- _Information provided_
[Start of Attachment]

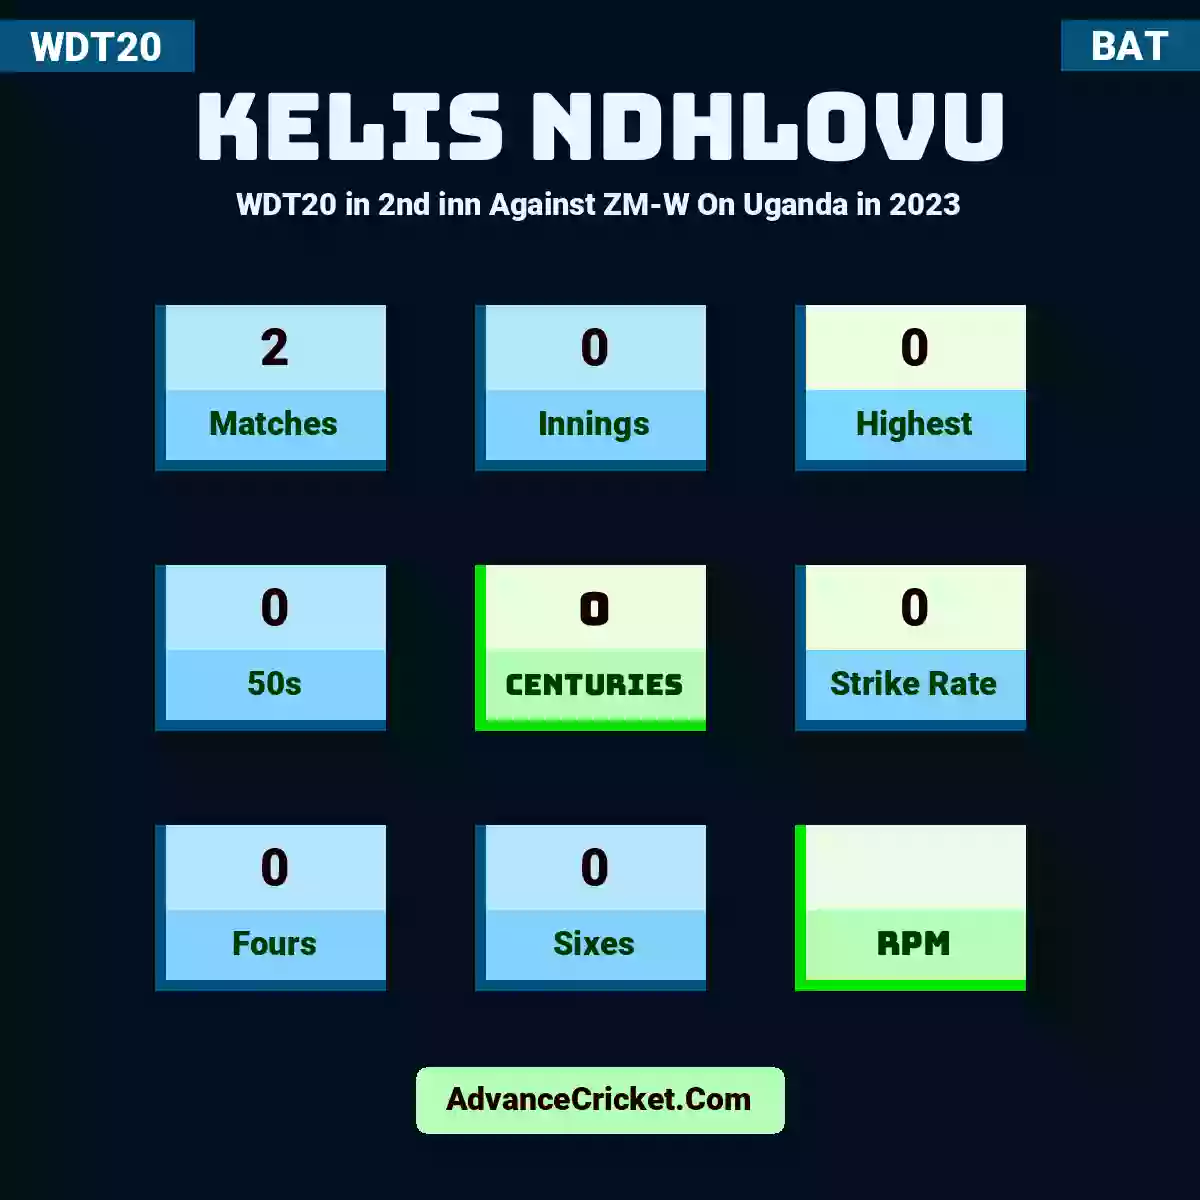 Kelis Ndhlovu WDT20  in 2nd inn Against ZM-W On Uganda in 2023, Kelis Ndhlovu played 2 matches, scored 0 runs as highest, 0 half-centuries, and 0 centuries, with a strike rate of 0. K.Ndhlovu hit 0 fours and 0 sixes.
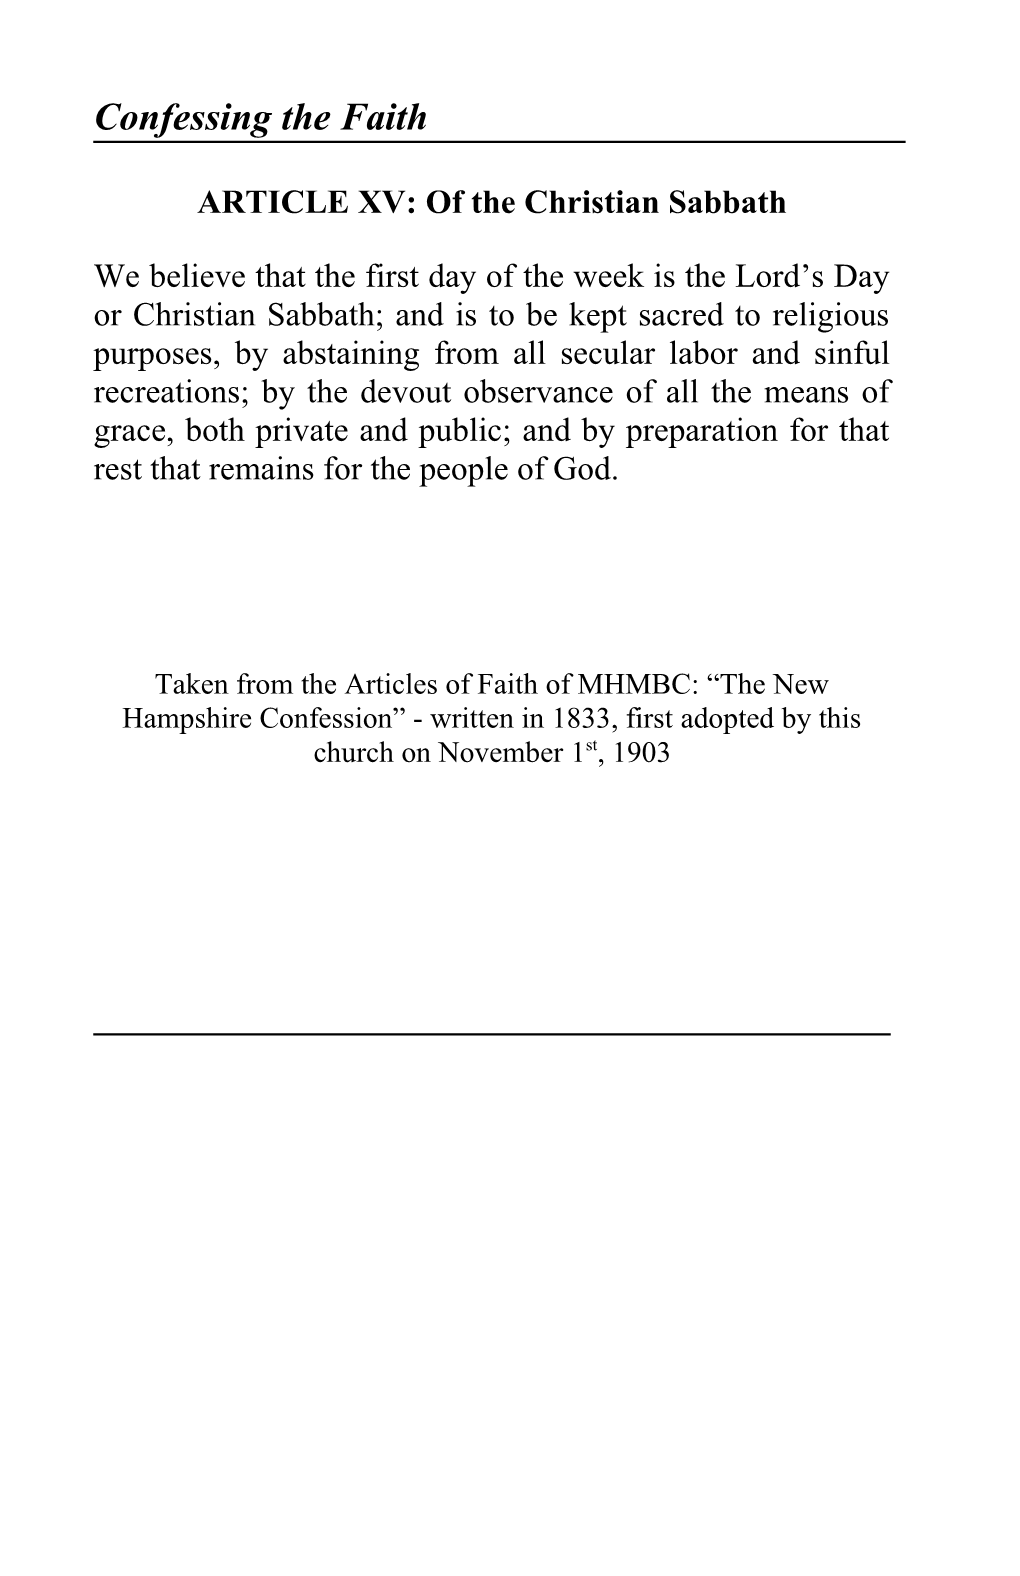 ARTICLE XV: of the Christian Sabbath
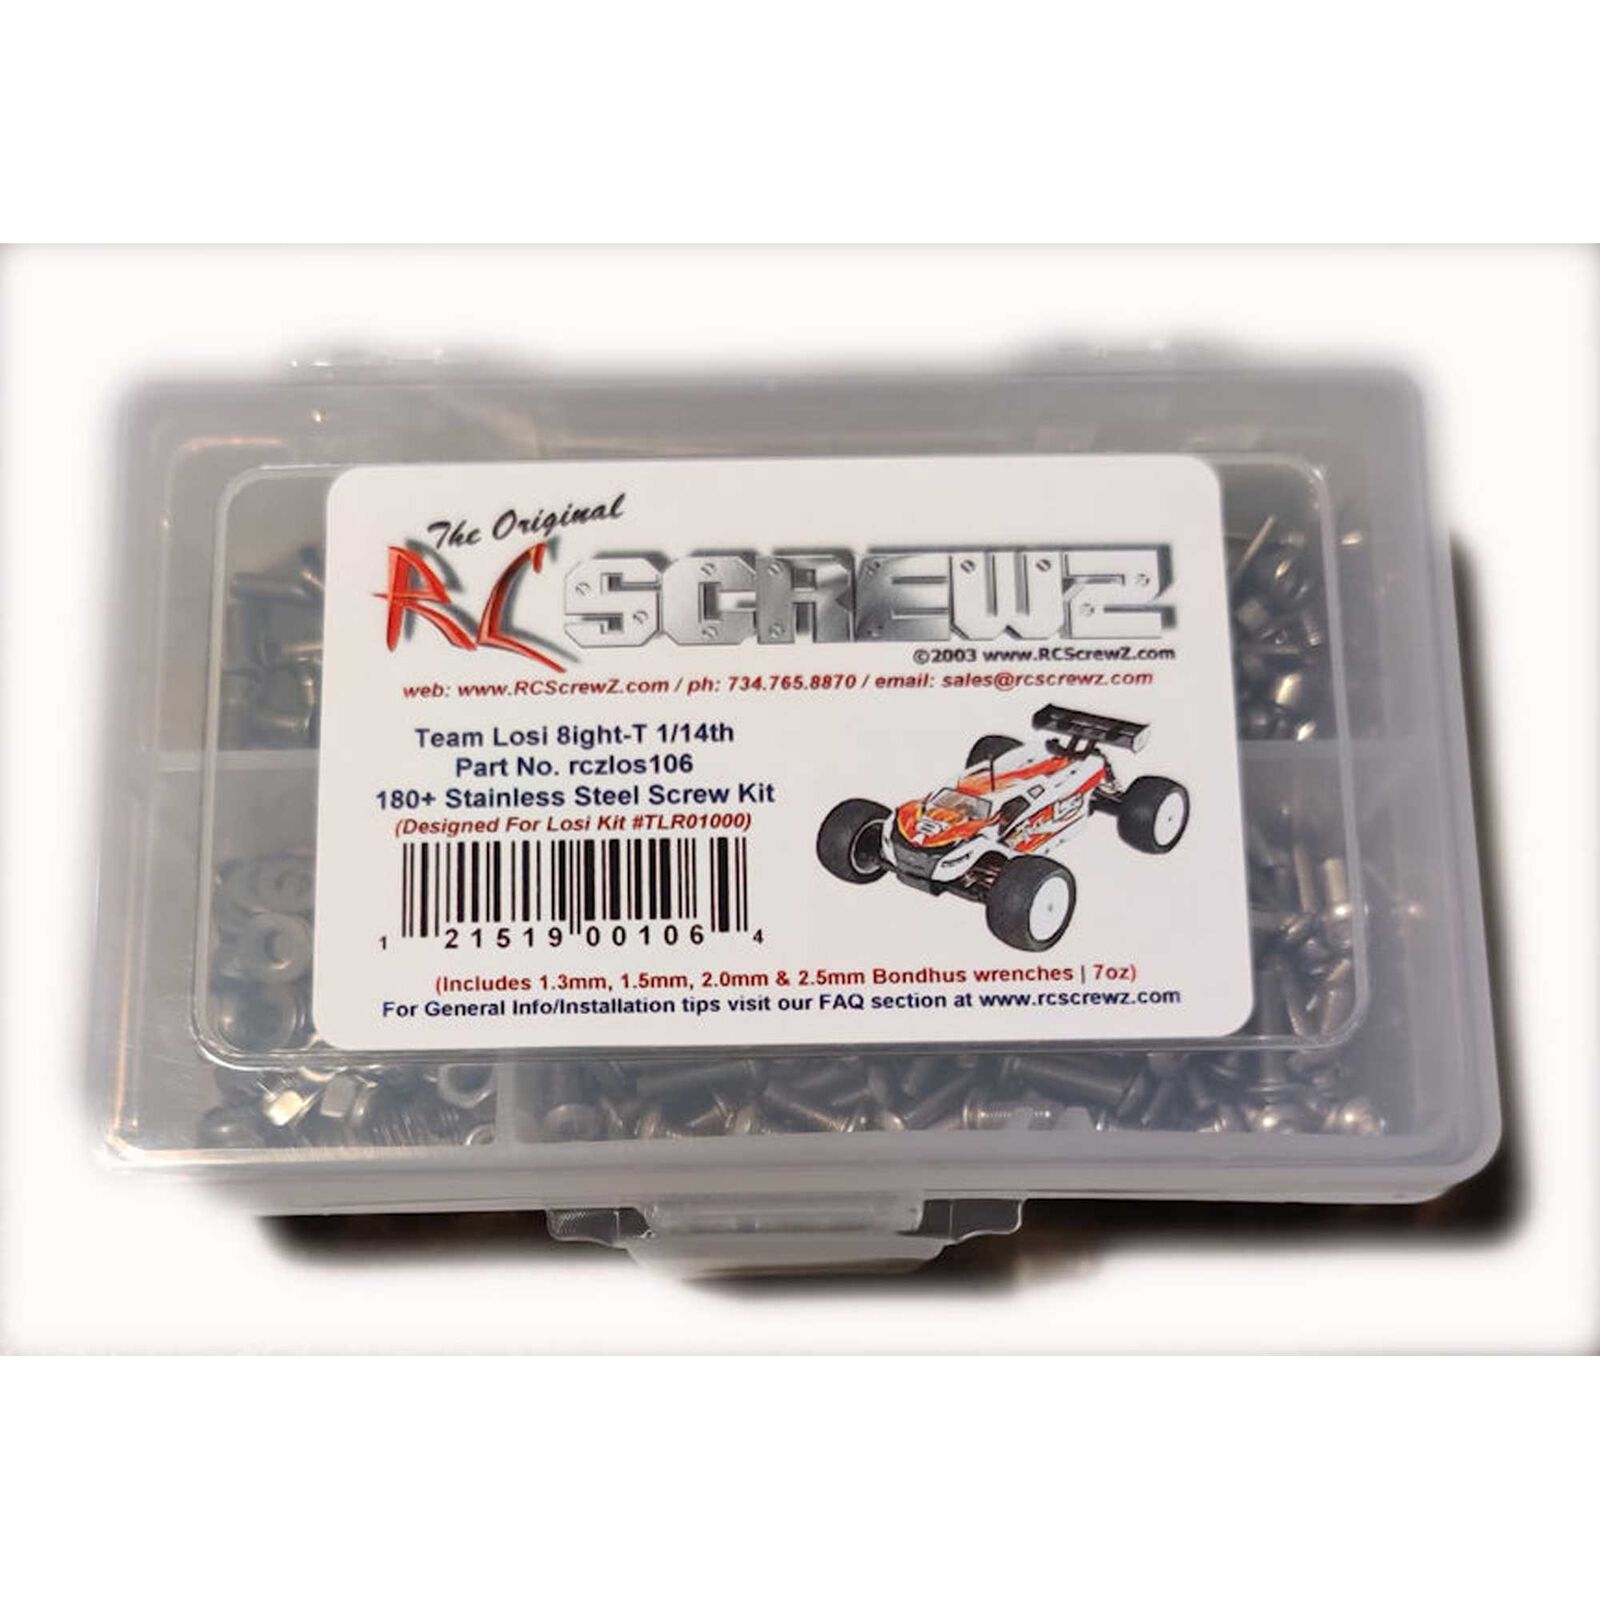 Stainless Screw Kit: Losi Mini 8ight-T 1/14th
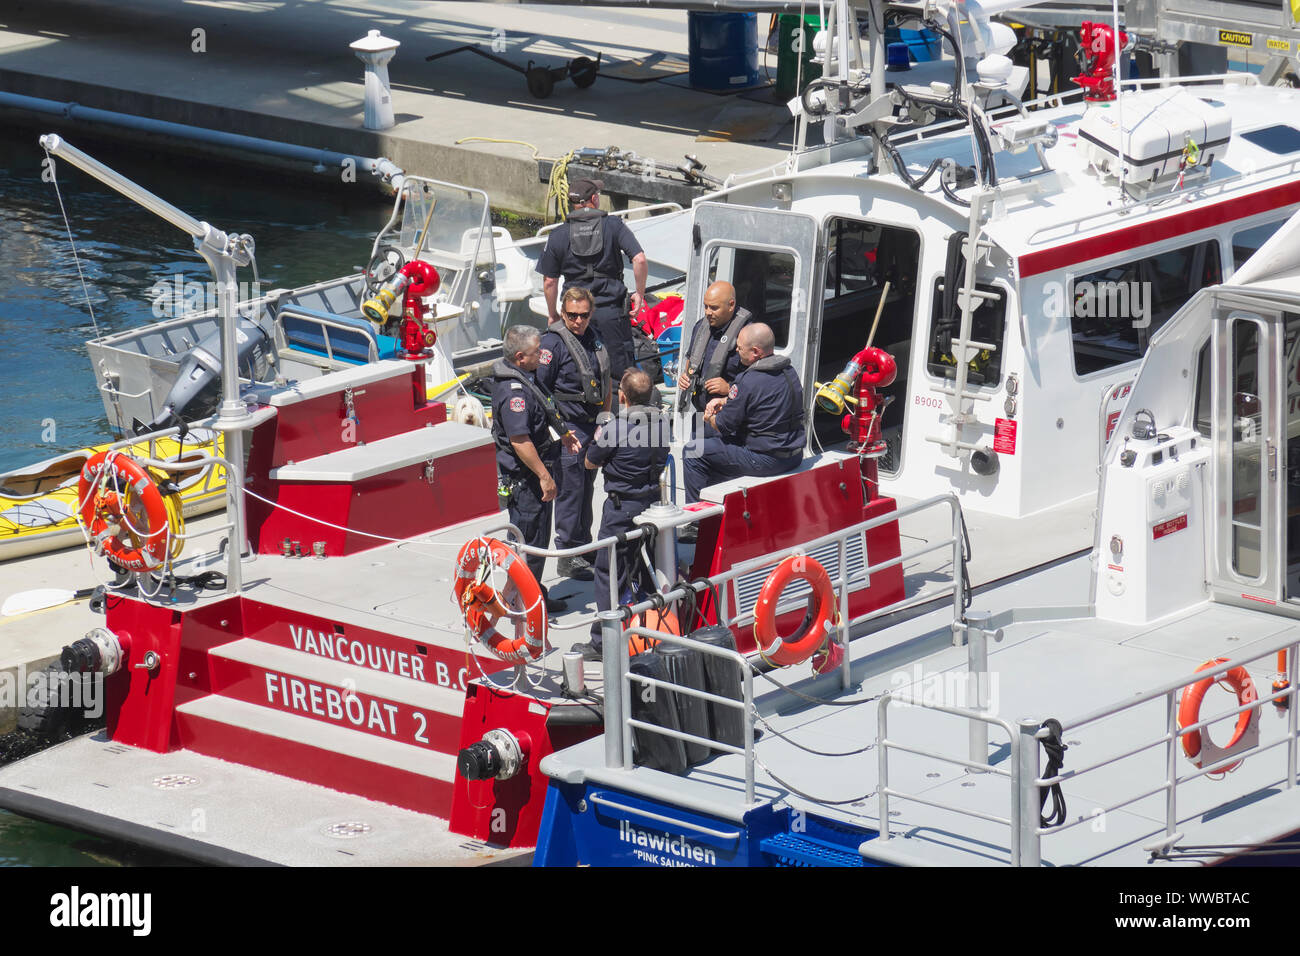 Feuerlöschboot2 Günstig in Coal Harbour mit Fire Rescue Crew an Bord, Hafen von Vancouver, Vancouver, B.C., Kanada. Juni 15, 2019 Stockfoto

[End of Attachment]

- _What this task involves_
Omit pictures; set down the rest of the material word for word.

- _Your solution_
 Kelis Ndhlovu WDT20  in 2nd inn Against ZM-W On Uganda in 2023, Kelis Ndhlovu played 2 matches, scored 0 runs as highest, 0 half-centuries, and 0 centuries, with a strike rate of 0. K.Ndhlovu hit 0 fours and 0 sixes.
 ARTICLE XV: of the Christian Sabbath
 Stainless Screw Kit: Losi Mini 8ight-T 1/14th
 Feuerlöschboot2 Günstig in Coal Harbour mit Fire Rescue Crew an Bord, Hafen von Vancouver, Vancouver, B.C., Kanada. Juni 15, 2019 Stockfoto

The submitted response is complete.